What is unreadable? Jack Kerouac is unreadable in some of his poems where he made up words and was so drunk he couldn't put words together that formed meaning.
I don't understand what people mean by unreadable. I think this is more reflective of the readers and the state of 2018 literature than the book.
I mean, we say Moz here is unreadable, YET Shakespeare or Chaucer by these same critics would be counted as readable. Both wrote in olde English, a defunct language with words no longer in existence and meanings completely different! But, is Shakespeare easier to read? But, who calls Shakespeare unreadable? Nobody. But, how many of you say it's easier to read and are being honest? These critics would likely say Shakespeare is easier and make up an weak reasoning on how he is art but Moz isn't and thus its different, but words are words and Moz could be art if we declared him that. I've seen people call F.S. Fitzgerald unreadable. He's not. He's a hack of his time and writes in a style of early 20th century literature destroyed decades ago as being too literary, florid. While would these critics say On The Road is unreadable, even though the closing paragraphs of "don't you know God is Pooh Bear" is absolutely as meaningless or full of meaning as Morrissey's book? Yet, On The Road is considered one of the most influential books.
I think not the problem it is unreadable. I think the problem is that contemporary literature considers short, sweet, direct, perfectly constructed sentences good literature and anything pre-Hemingway as old and difficult. While if you read enough short sweet sentences then to read Moby Dick is impossible and Moby Dick becomes unreadable. I think if you read enough sentences that leave nothing to the imagination, then reading a book that asks for an investment is a chore.

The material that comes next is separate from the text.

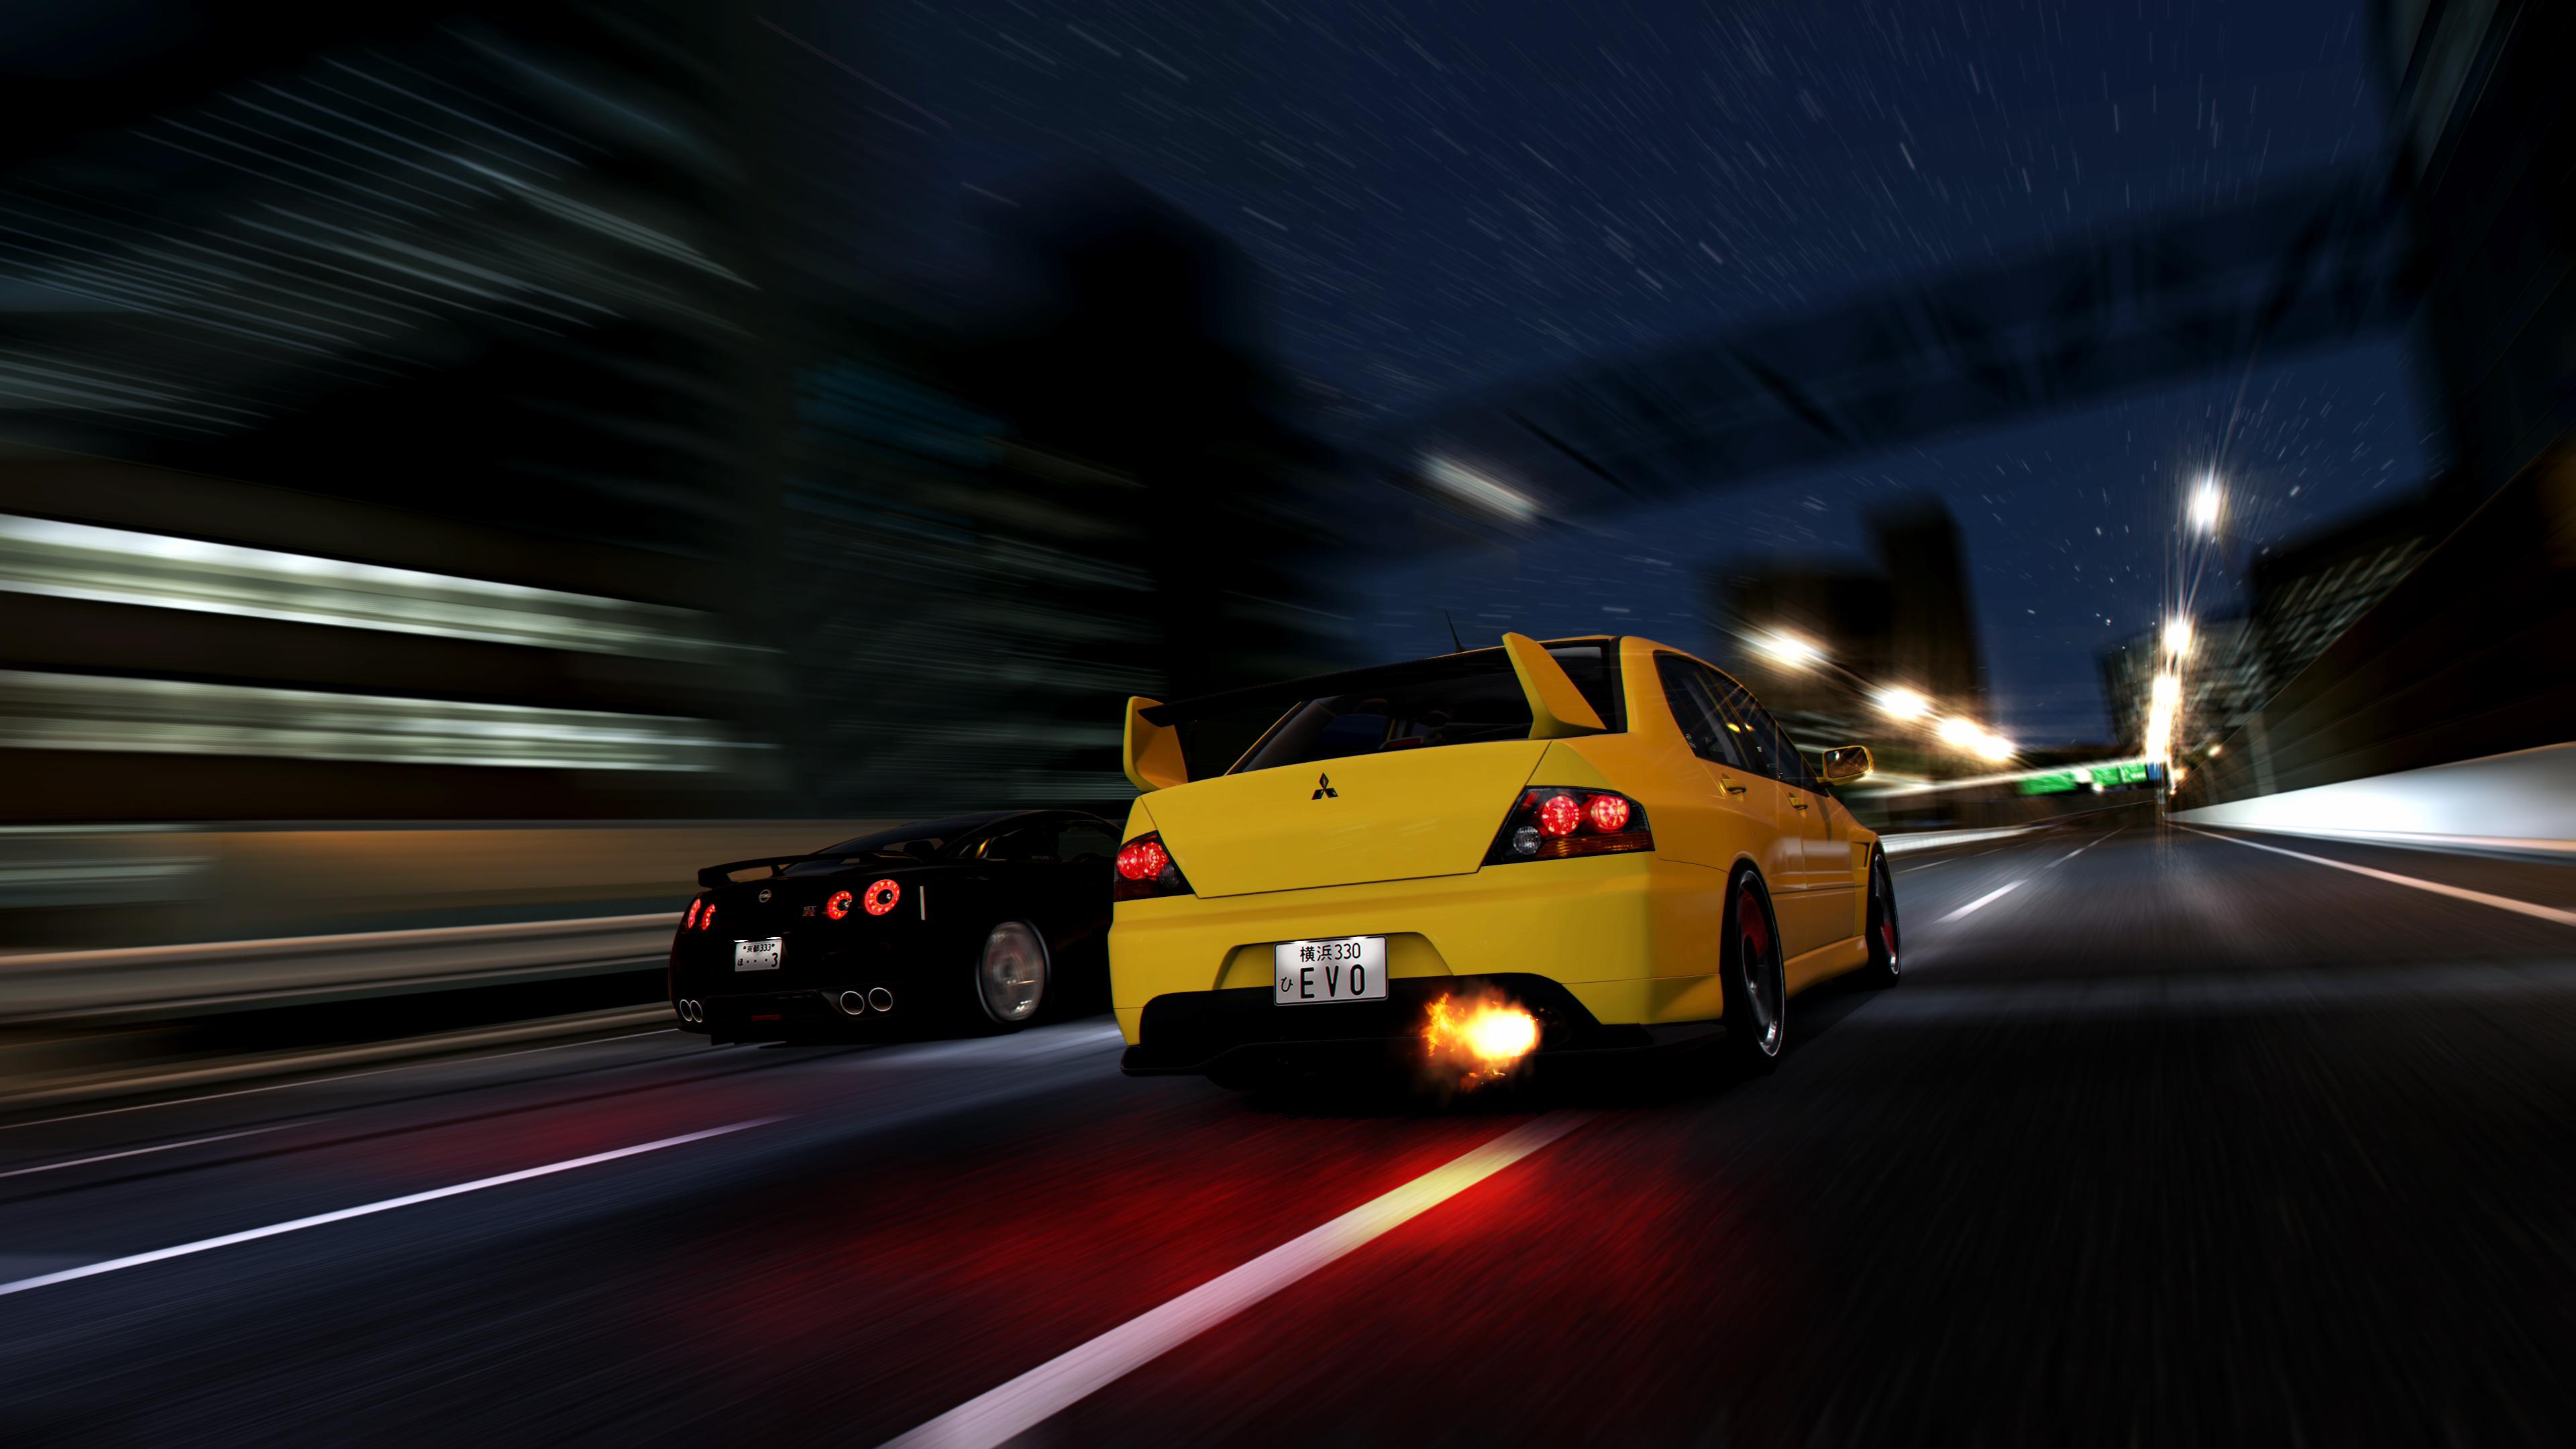 Wallpaper City Night Nissan Sports Car Mitsubishi

I think the problem also is that those reading the book will use any excuse in the book to knock Moz down one more peg. Personally, I would love to talk to him about the creation of the book. I think that would be an interesting interview. I've got a music blog. I'd be happy to facilitate.

I've been wanting to vent this for awhile!
I've just replied to Lanterns at length about the meaning of 'nonsensical', so I'm not inclined to drone on about the definition of 'unreadable' :) Suffice to say, in this context I would say it means densely-compacted, overwritten sentences with mangled syntax and incorrect grammar so the thread of logic is at times impossible to follow. But if you enjoyed it, great.

Personally, I really enjoyed Autobiography and would have been delighted if this book had been good, but it really, really isn't.